Bjerknes (/ˈbjɜːrknᵻs/) is a lunar impact crater that is located in the southern hemisphere on the rugged far side of the Moon. The crater lies behind the southeastern limb, and beyond the region that is sometimes brought into sight through libration. Thus this crater can not be viewed from Earth, and has only been seen from orbit. Nearby named craters are Clark to the east, Pizzetti in the north, and Pogson to the south-southwest.

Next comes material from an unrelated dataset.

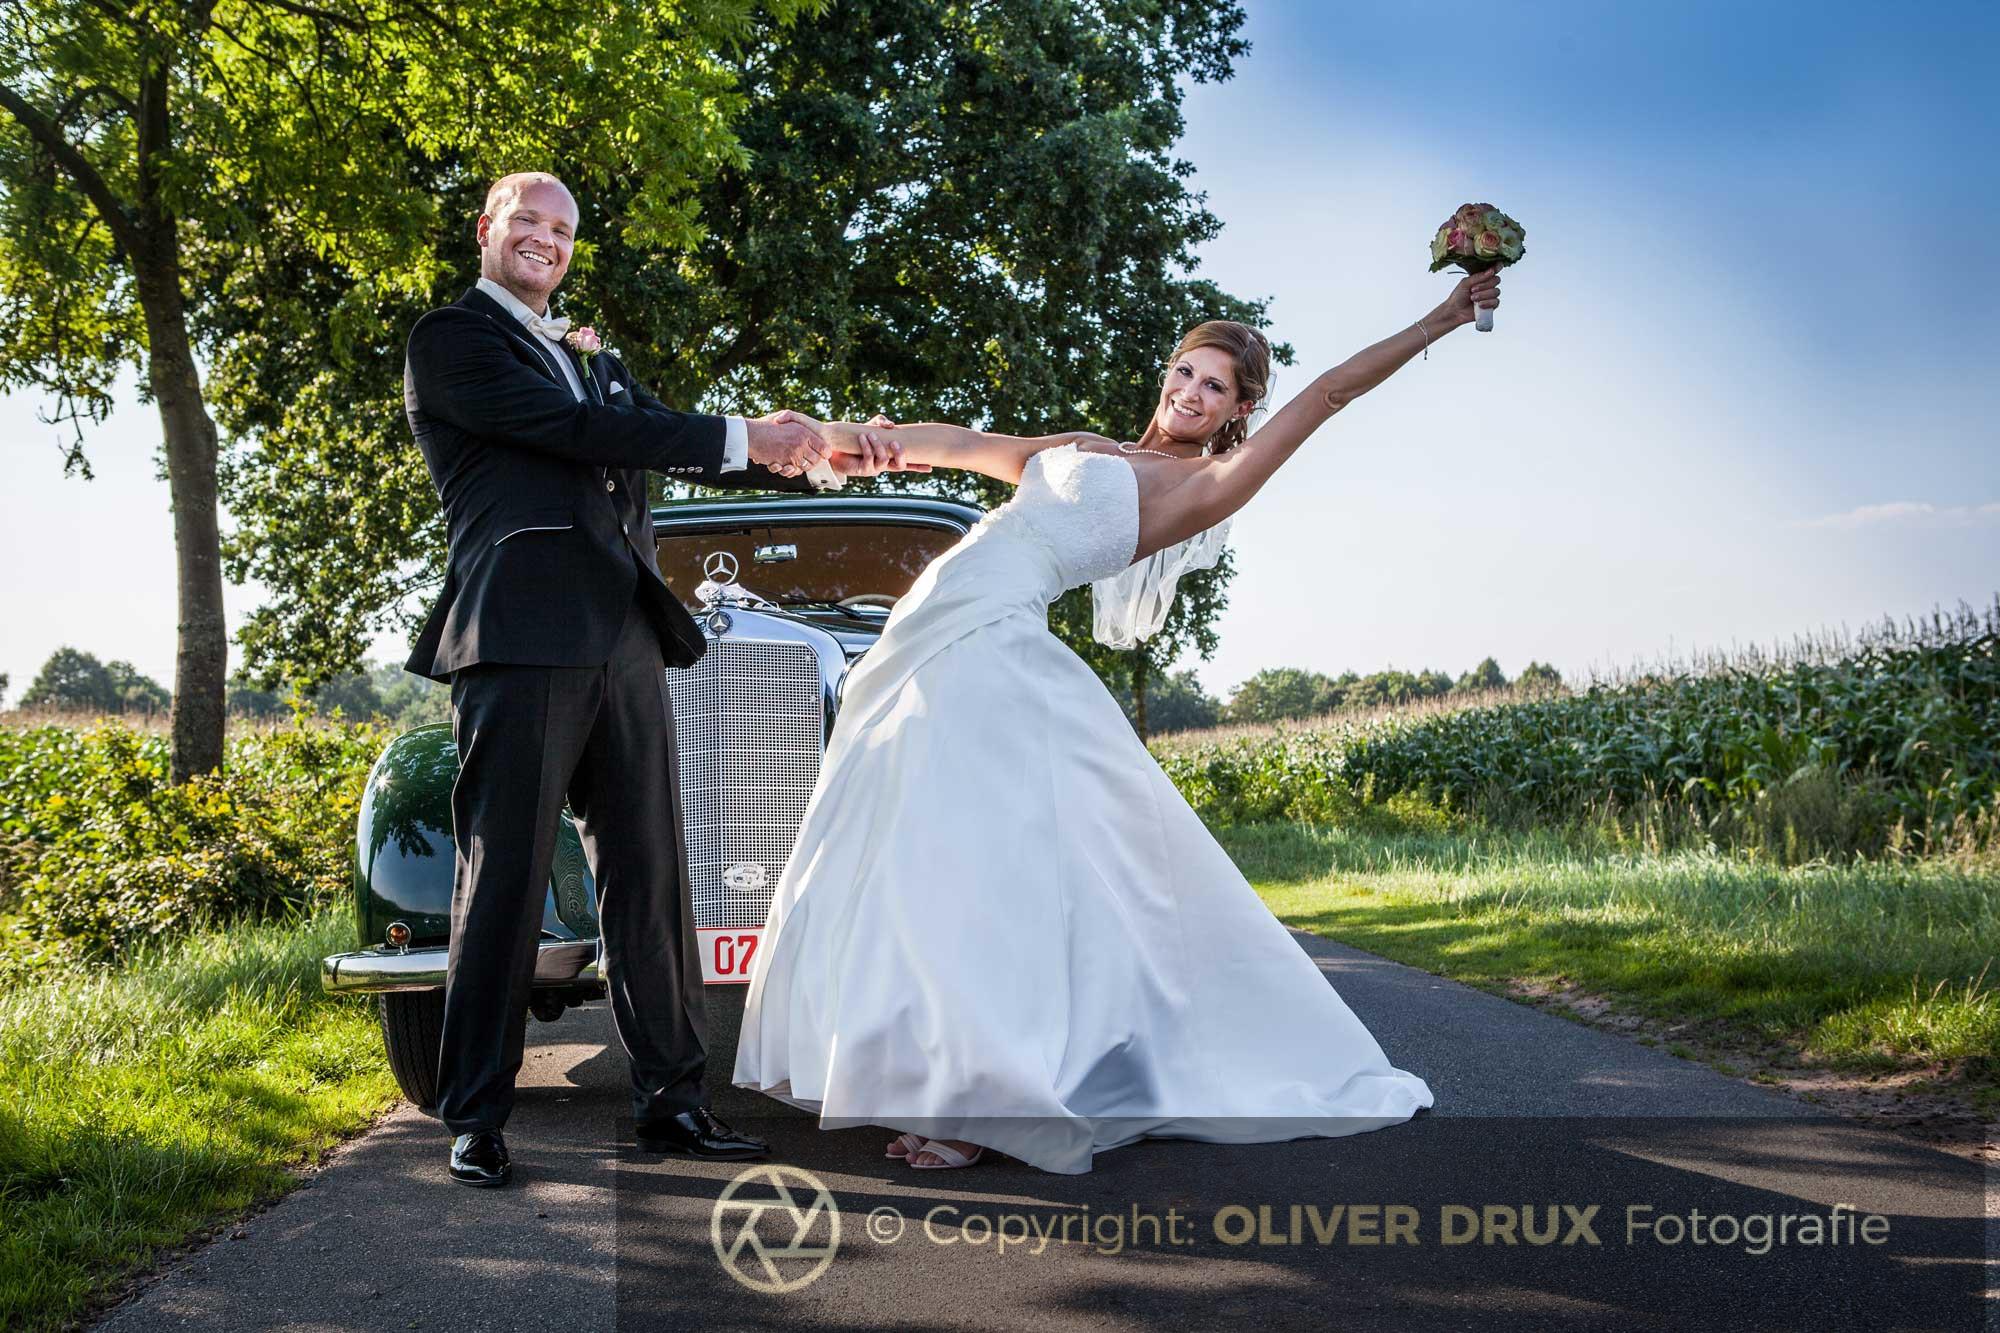 Hochzeitsshooting in der allee
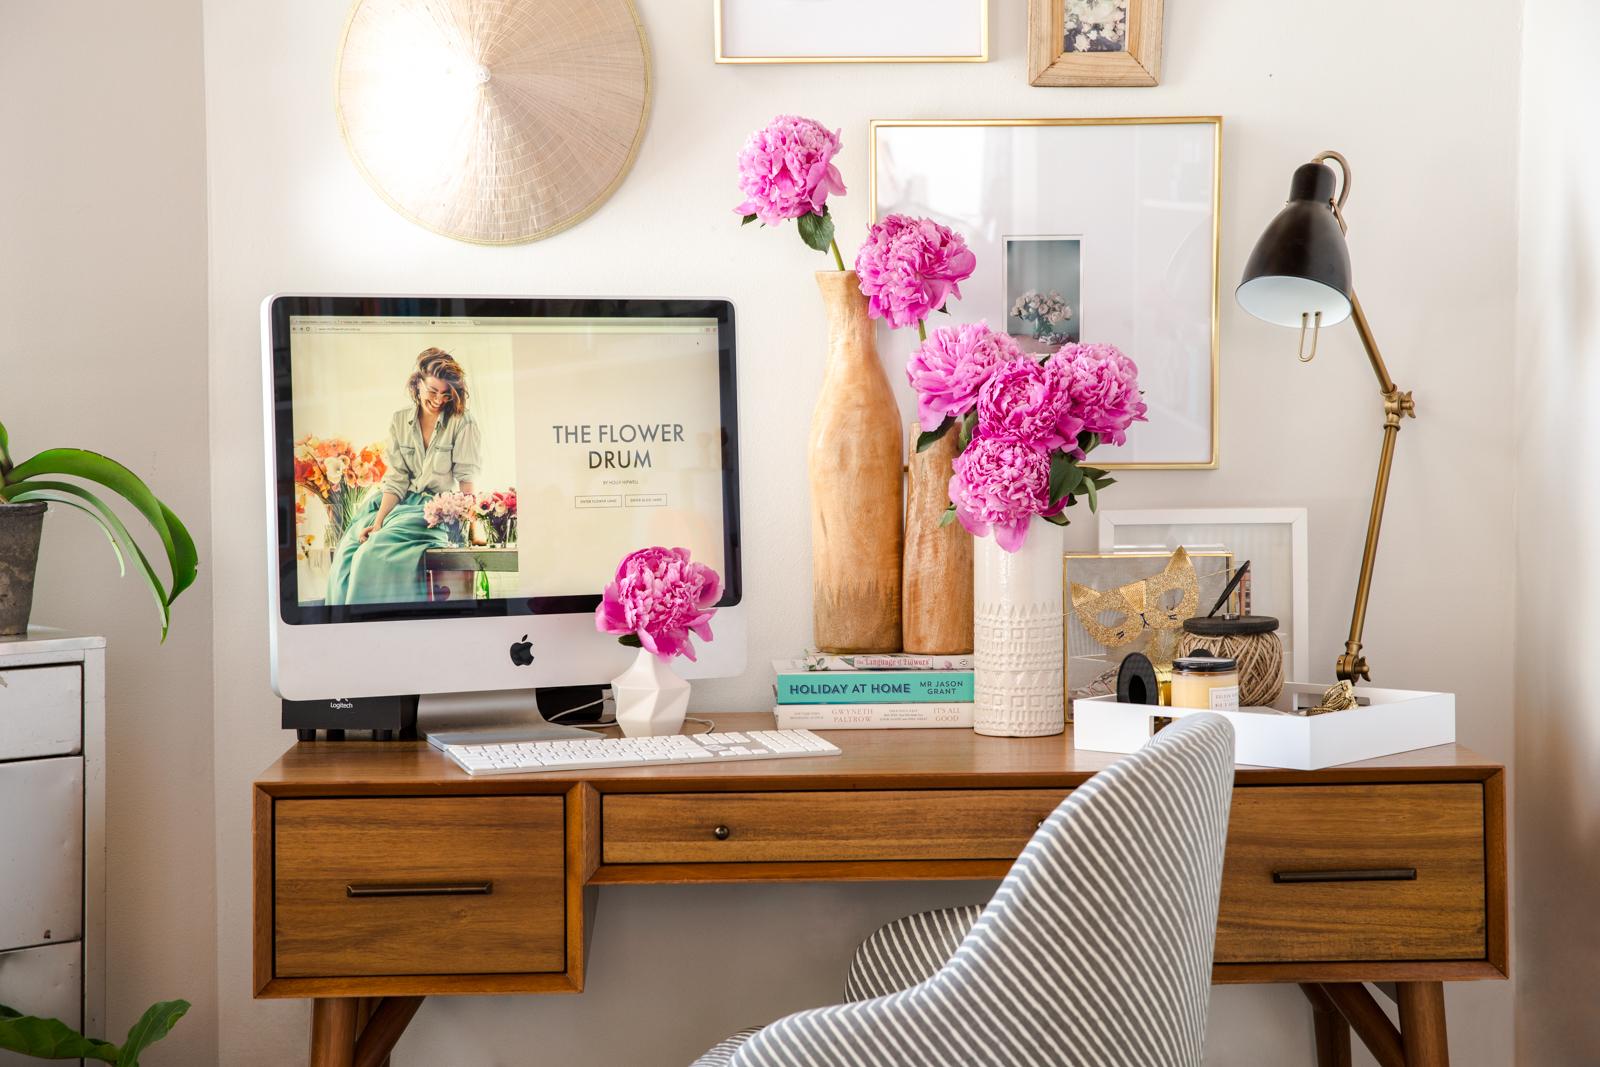 lovely home office living room | Uber lovely home office - Daily Dream Decor

This formation dates to the Late Imbrian period of the lunar geologic timescale. The crater rim is generally circular, but with some slight irregularities along the northeastern quadrant. The rim is relatively sharp-edged, and displays little appearance of wear. The interior floor is rough and irregular, beginning with the slumped material at the base of the inner walls.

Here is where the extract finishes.